Tomascastelazo/Wikimedia Commons
A surveillance tower is positioned beyond the barrier at the U.S.-Mexico border between San Diego and Tijuana, Mexico.
TO CLAIM, AS THE AGE OF AI DOES, that this book fills a “gap” in “basic vocabulary and concepts for an informed debate about this technology” requires erasure of an extensive journalistic and academic literature. Acknowledging these writings would undermine the authors’ grand prognostications, the hazy image of AI as all-powerful and (largely) beneficial, and the Big Tech–friendly political agenda this book is working to bolster.
Selling this agenda, in other words, requires some willful ignorance. References to race, gender, and labor are largely absent even as the co-authors explore historical terrain where racism, patriarchal power, and colonialism are central. For example, the authors celebrate the Dutch East India company and the stock exchange where its shares were traded as an example of a positive network effect, without remarking on its genocidal colonial practices, or its role in the Dutch slave trade.
The book’s erasure of white supremacy, colonialism, and slavery from its historical overview is mirrored in the minimal engagement with the extensive research that has exposed how AI replicates and amplifies racialized, gendered, and other forms of inequality. There’s no mention of the AI-powered wall at the United States’ southern border, or police and law enforcement use of AI to hunt and track protesters, or the exploitative use of AI to control workers by companies like Uber and Amazon, even though these harmful and oppressive applications of AI are by now well documented.
The book also fails to mention climate change, or the significant climate costs of large-scale AI systems. To acknowledge climate would tear a hole in its narrative, suggesting an existential threat not coming from China and the mythical specter of Chinese dominance.

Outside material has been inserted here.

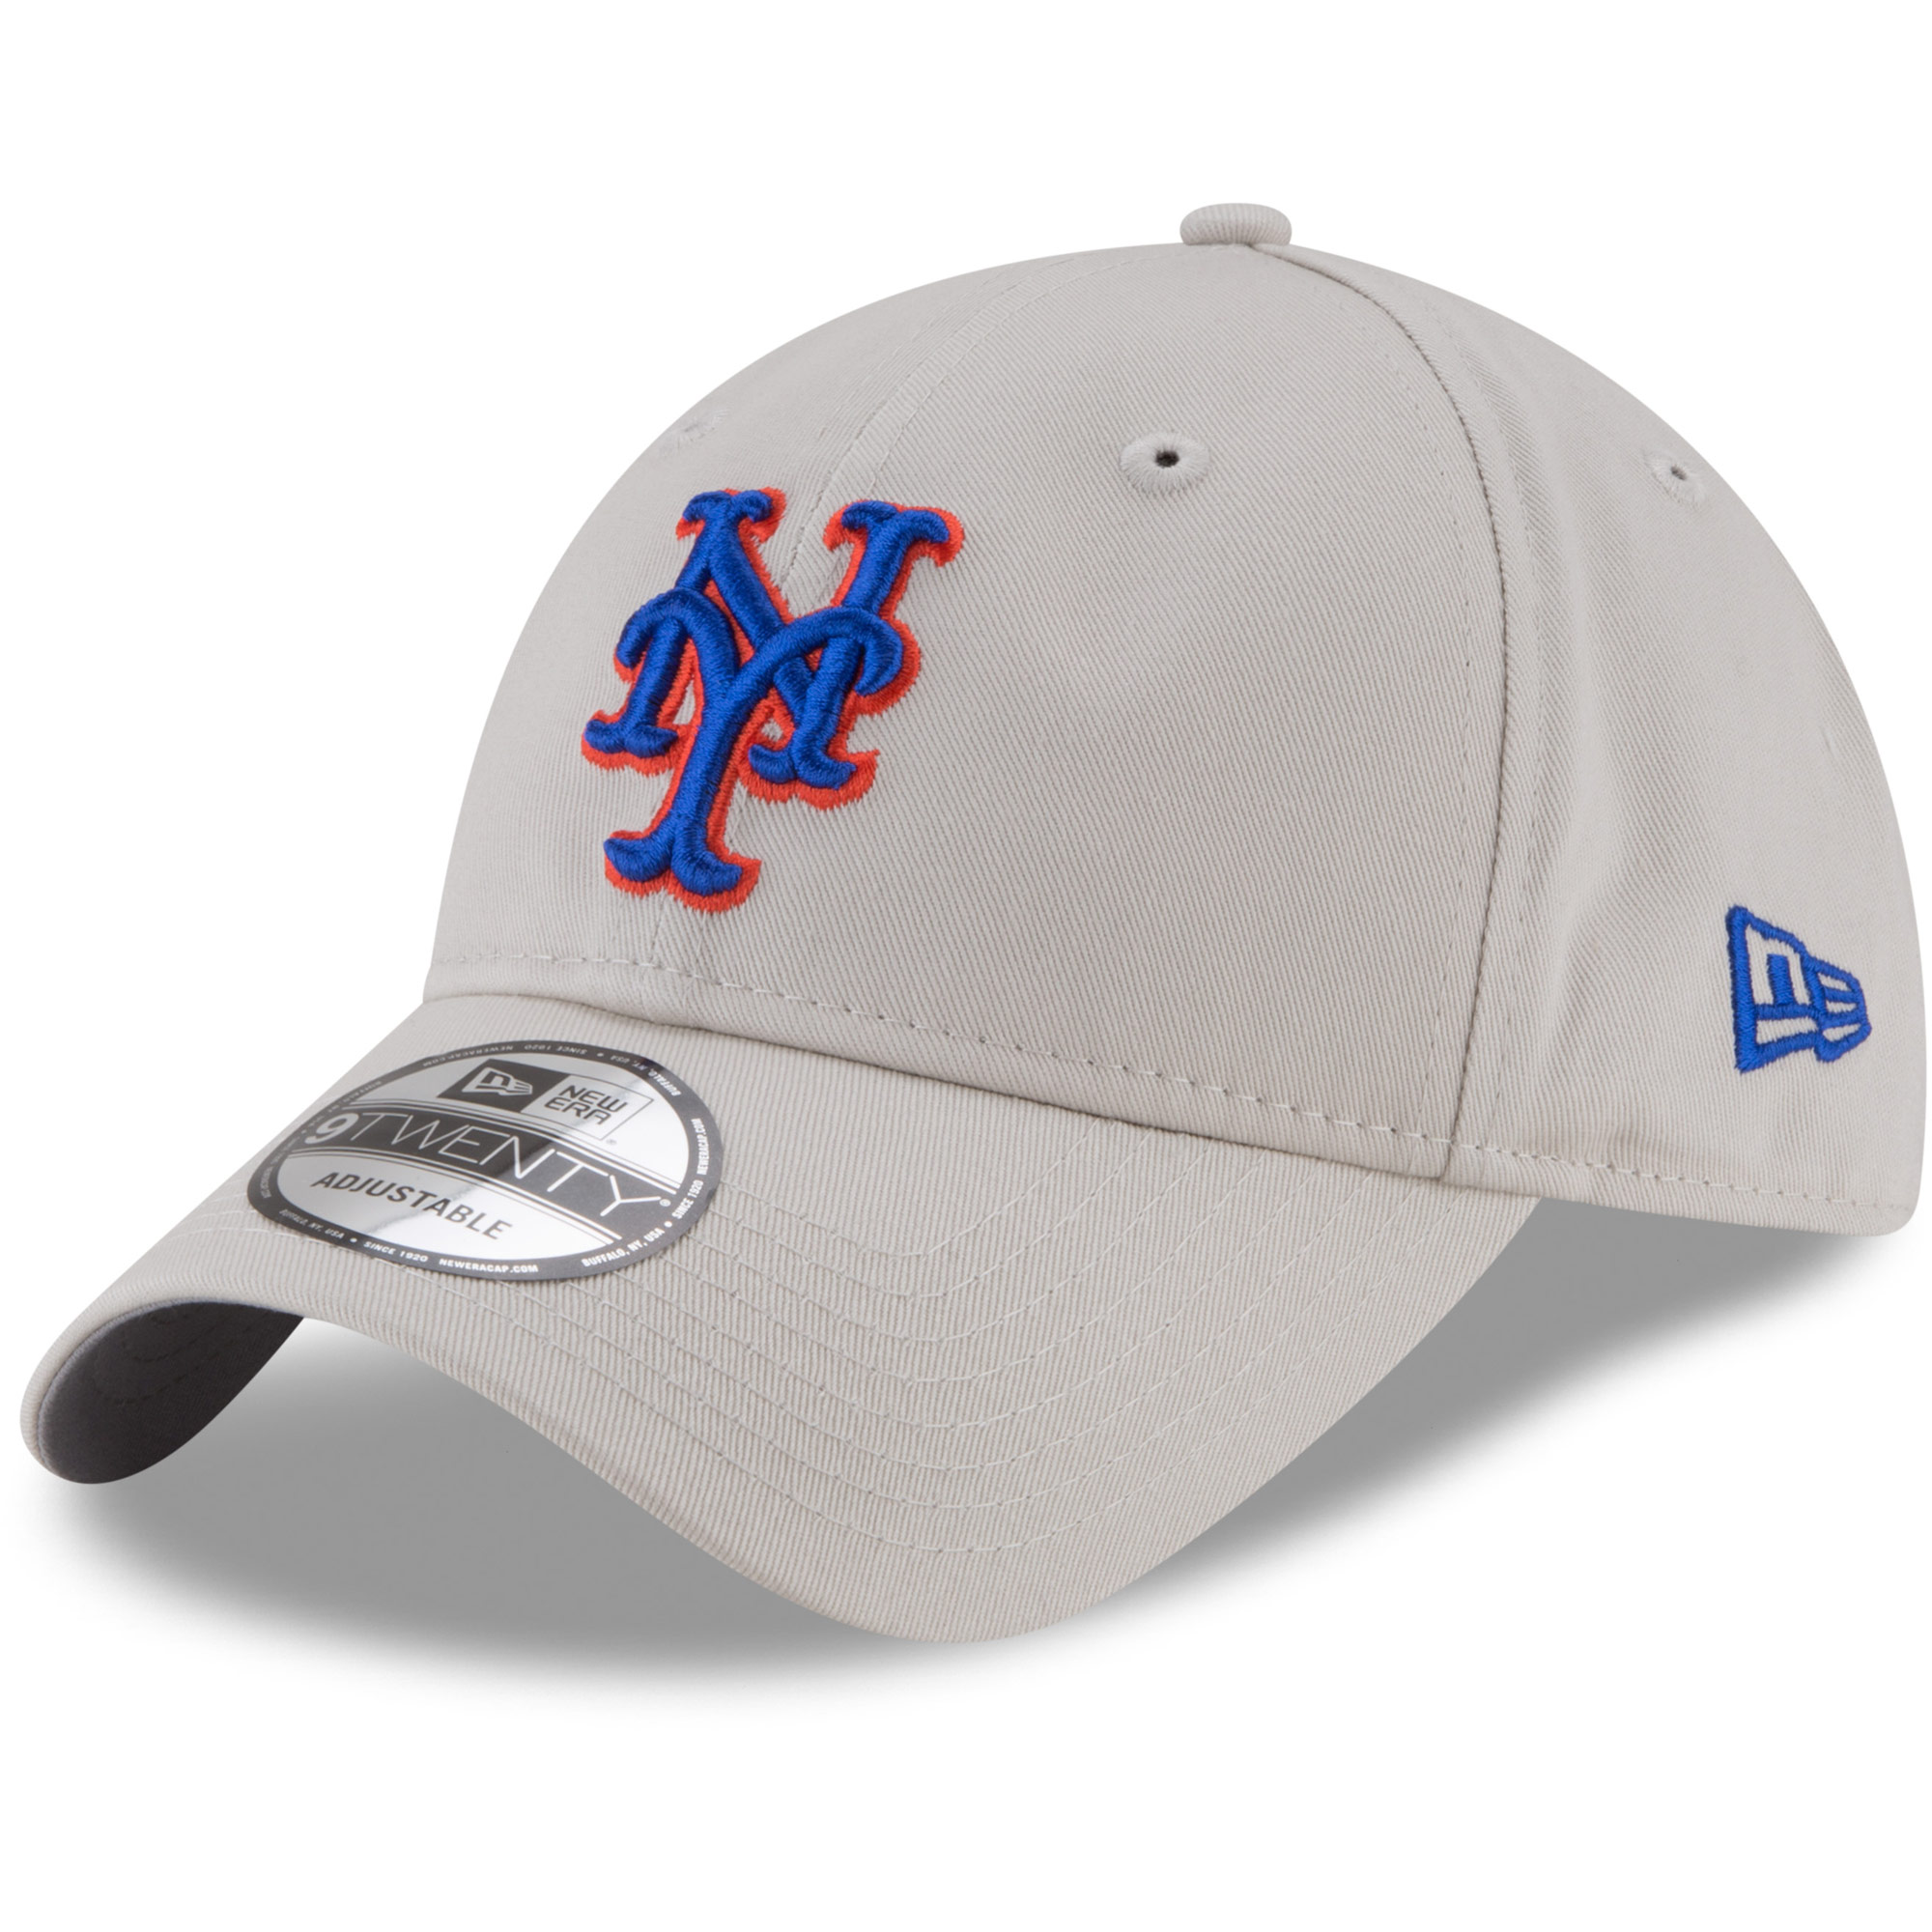 New York Mets New Era 9TWENTY Adjustable Hat - Khaki - OSFA
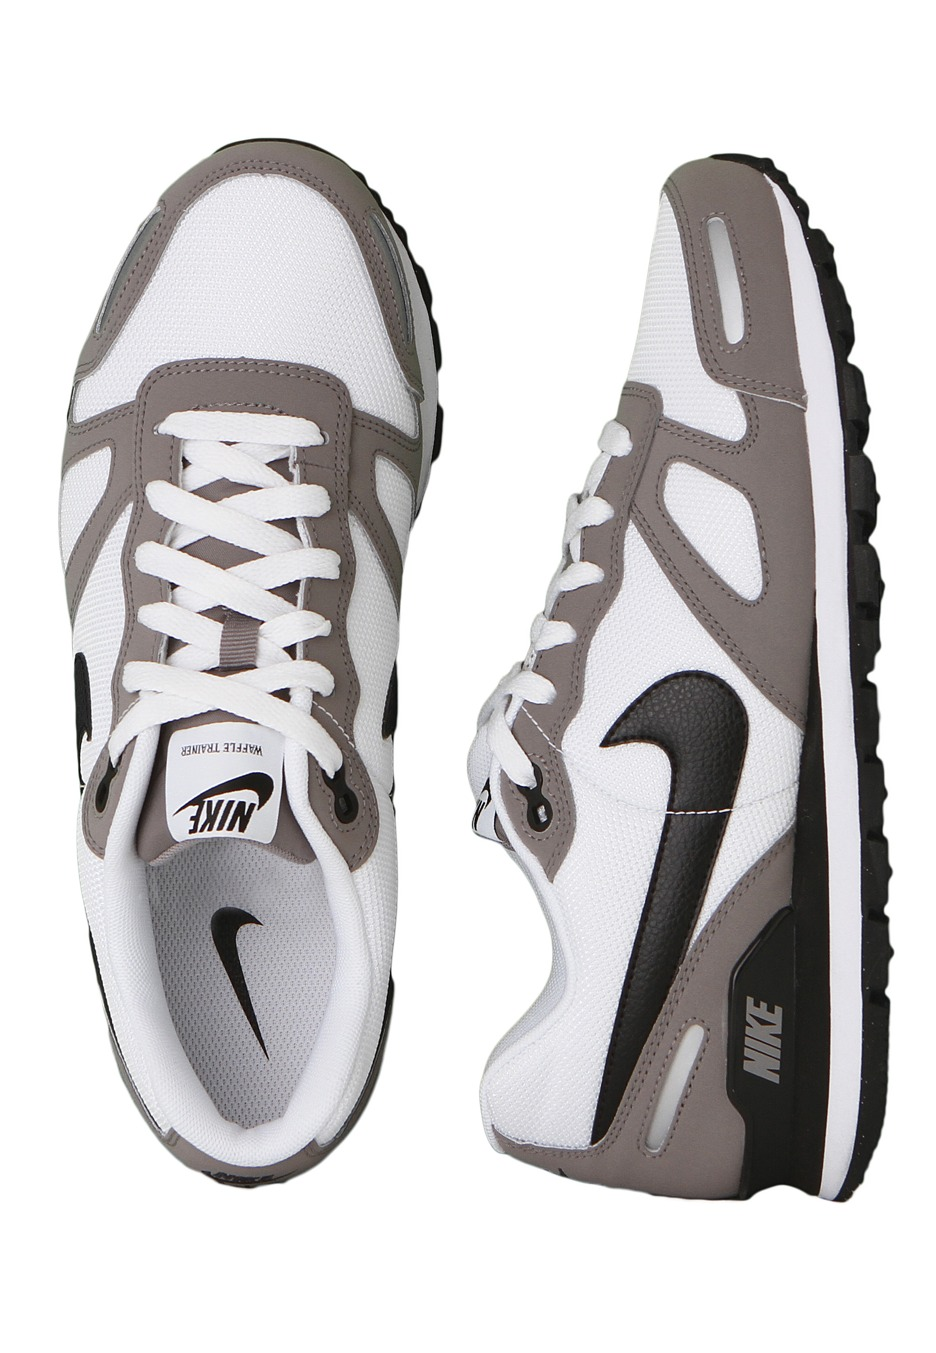 1e42de99ea6 Nike - Air Waffle Trainer Sport Grey Black White Metallic Silver - Shoes -  Impericon.com UK

ERIC SCHMIDT’S LATEST ENDEAVOR, the Special Competitive Studies Project (SCSP), launched in early October 2021, just in time to be central to a press tour arranged around the book. Described in quasi-governmental language and with a “bipartisan board of national security leaders,” SCSP is, in fact, a self-funded, shadow lobbying organization created to advance the interests of the tech industry. By filling the project’s board and leadership positions with many of the same cast that constituted the National Security Commission on Artificial Intelligence, this initiative inherits the patina of an official government endeavor whose work deserves serious consideration.
Schmidt says that the project is modeled on the Rockefeller Special Studies Project (SSP), which Henry Kissinger led in the 1950s and used to advocate for the vast expansion in U.S. military spending. SSP was also privately funded by one of the most powerful men in the world, Nelson Rockefeller. That program advocated for a resource-intensive Cold War arms race, based on the premise that the alternative was apocalypse at the hands of the Soviet Union.
Schmidt and his associates could be read as trying for a repeat of the SSP, drawing on the version of AI presented in The Age of AI and reheated Cold War urgency that focuses on China as the looming threat. This time, however, we need to call the bluff, rejecting the mystified portrait of AI that is central to this agenda, and naming related influence campaigns for what they are.
A more rigorous treatment of AI that included problems of discrimination and the climate and labor costs of producing AI would suggest very different trade-offs. It would suggest, as well, answers to questions of security that look more like international solidarity and equitable resource distribution, and less like technological brinkmanship and a mindset premised on a new Cold War.